Controlling Placebo Effects
- Single blind experiment - don't tell the Ss who is getting the real drug & who isn't
- Double blind experiment - neither the experiment nor the Ss know who is getting the real deal.
The Experimenter Effect
- Can unintentionally infl the outcome of experiment bc of own beliefs. Can find what you expect to find, which is another case of Believing is Seeing. Ex: evaluation ex from class
- Another prob is the Self-fulfilling prophecy - Experimenter inadvertently conveys to Ss her expectations about the experiment, and the Ss thus conform to these expectations.
CLINICAL METHOD
Case Study
This is a detailed & descriptive study of one individual. Freud uses this method.

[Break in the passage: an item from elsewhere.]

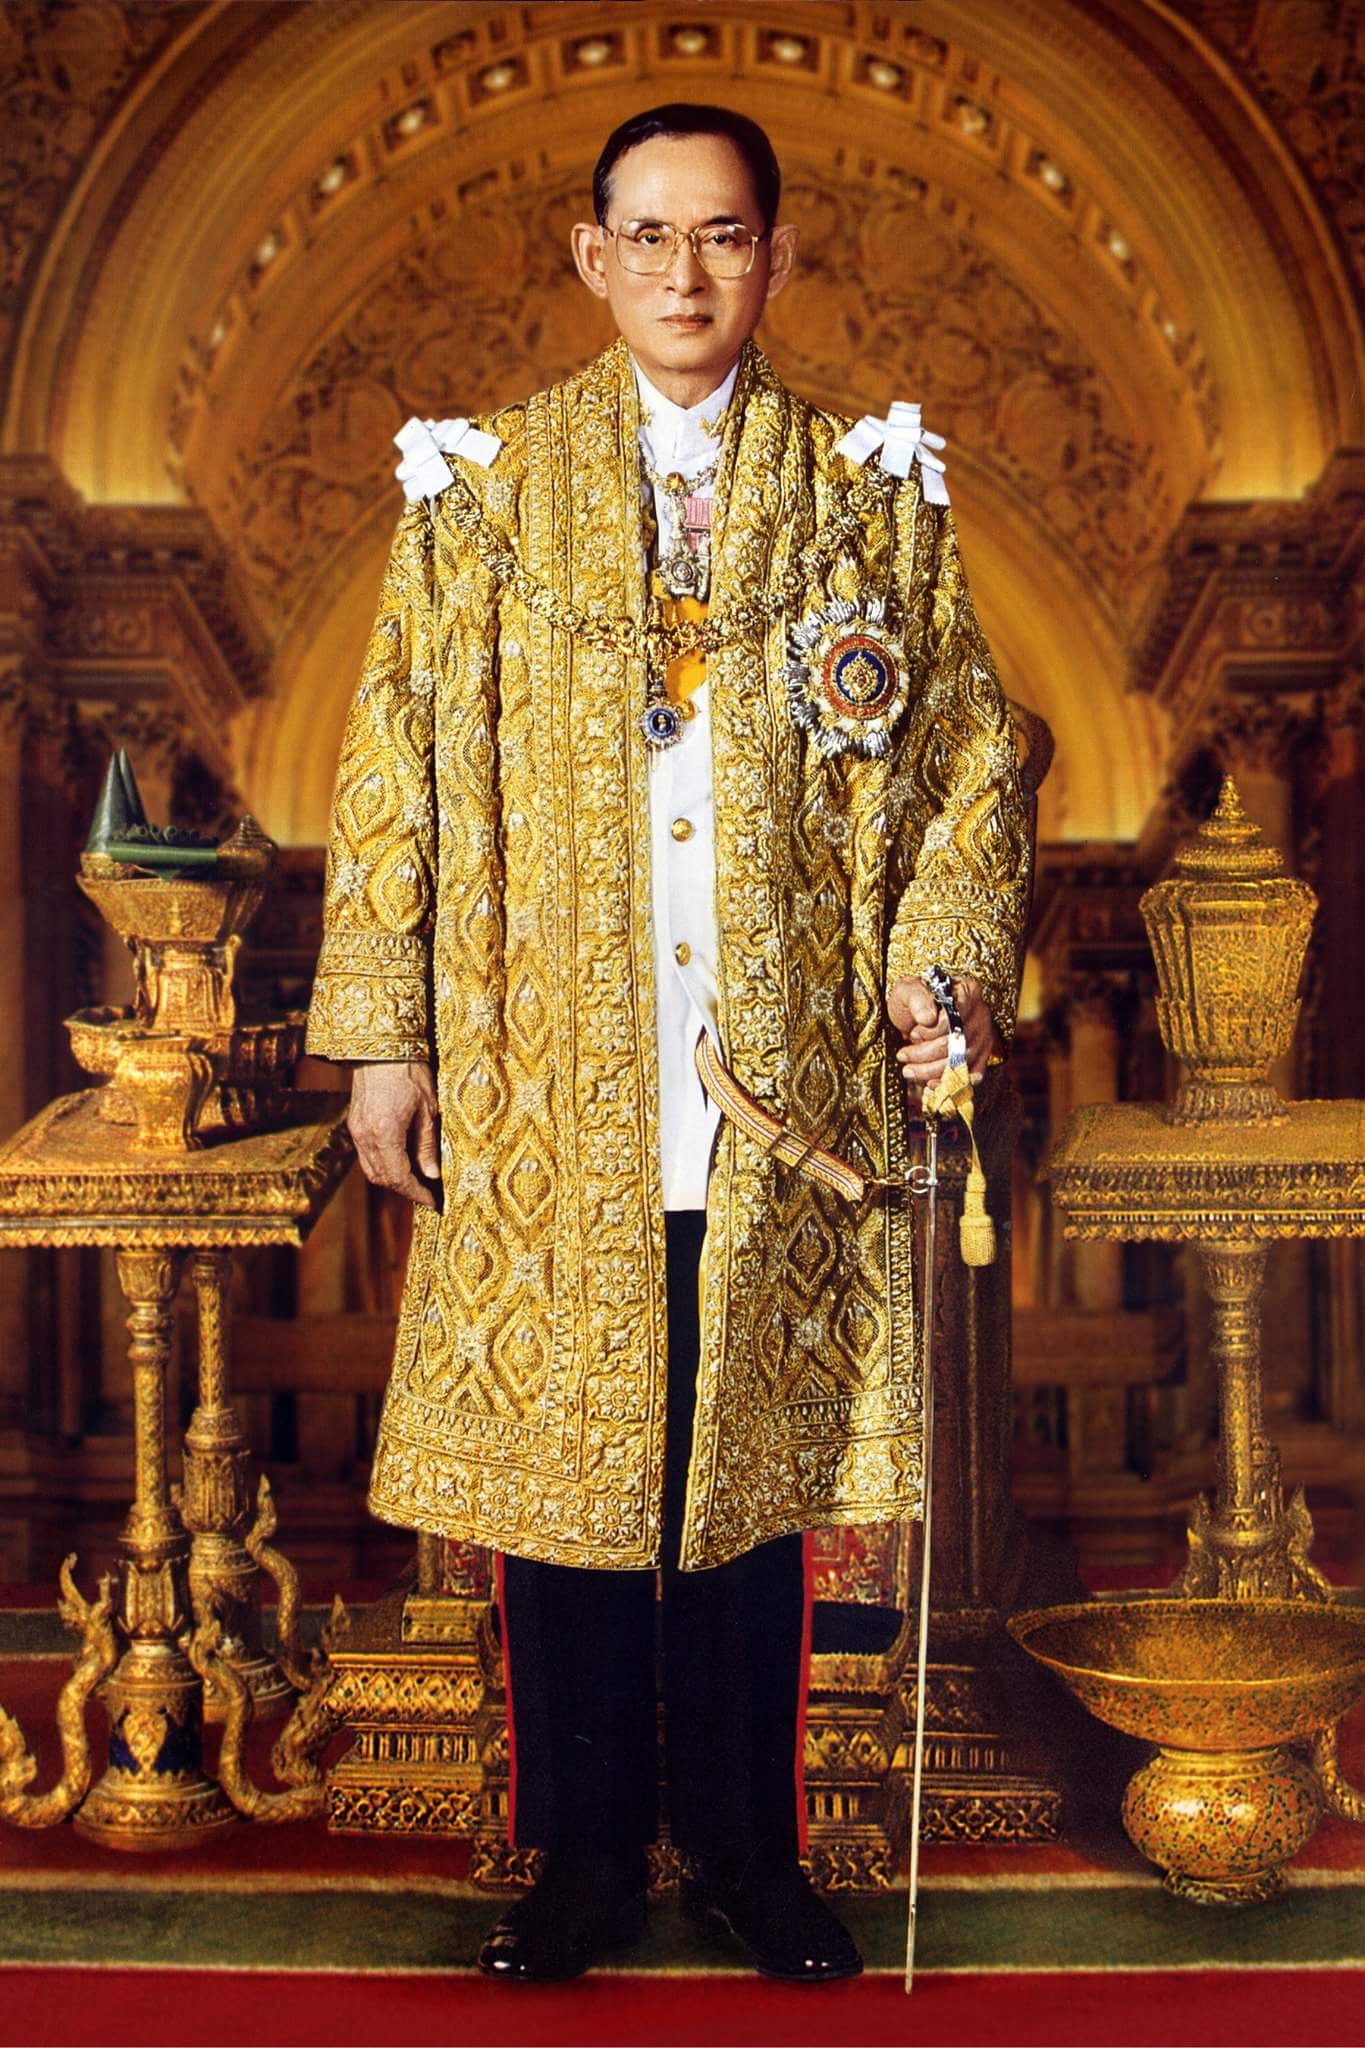 His Majesty the King's Birthday Anniversary 5 December 2009

Ex: detailed study of the life of a serial killer or an exceptional person, like "Rainman" or Stephen Hawking. It's like a natural clinical test - study a person w/ a pre-exisiting condition bc it would be unethical to create that condition solely for research purposes. For ex, you wouldn't go out and shoot someone in the head just to see how it would effect their brain. Book ex: Phineas Gage. Get to know this example.
SURVEY METHOD
Use carefully worded & selected questions to ensure you're investigating the proper area of interest. Test them out on a small sample before adm to gen pop. This also ensures that your questions aren't offensive or unclear.
Some things can limit the validity of a survey: Sample bias - sample not rep of pop. Ex: Presidential poll example from class. Social desirability/courtesy bias - ppl respond in way they think the investigator wants, and answer to make themselves look good. Ex: church ex from class
Science and Critical Thinking
Yes, believe it or not, Y
really does need all the research hoopla. Helps discover the truth.
My-side bias - you only see thing that support your side of the argument. Research can help deter us from falling prey to the my-side bias.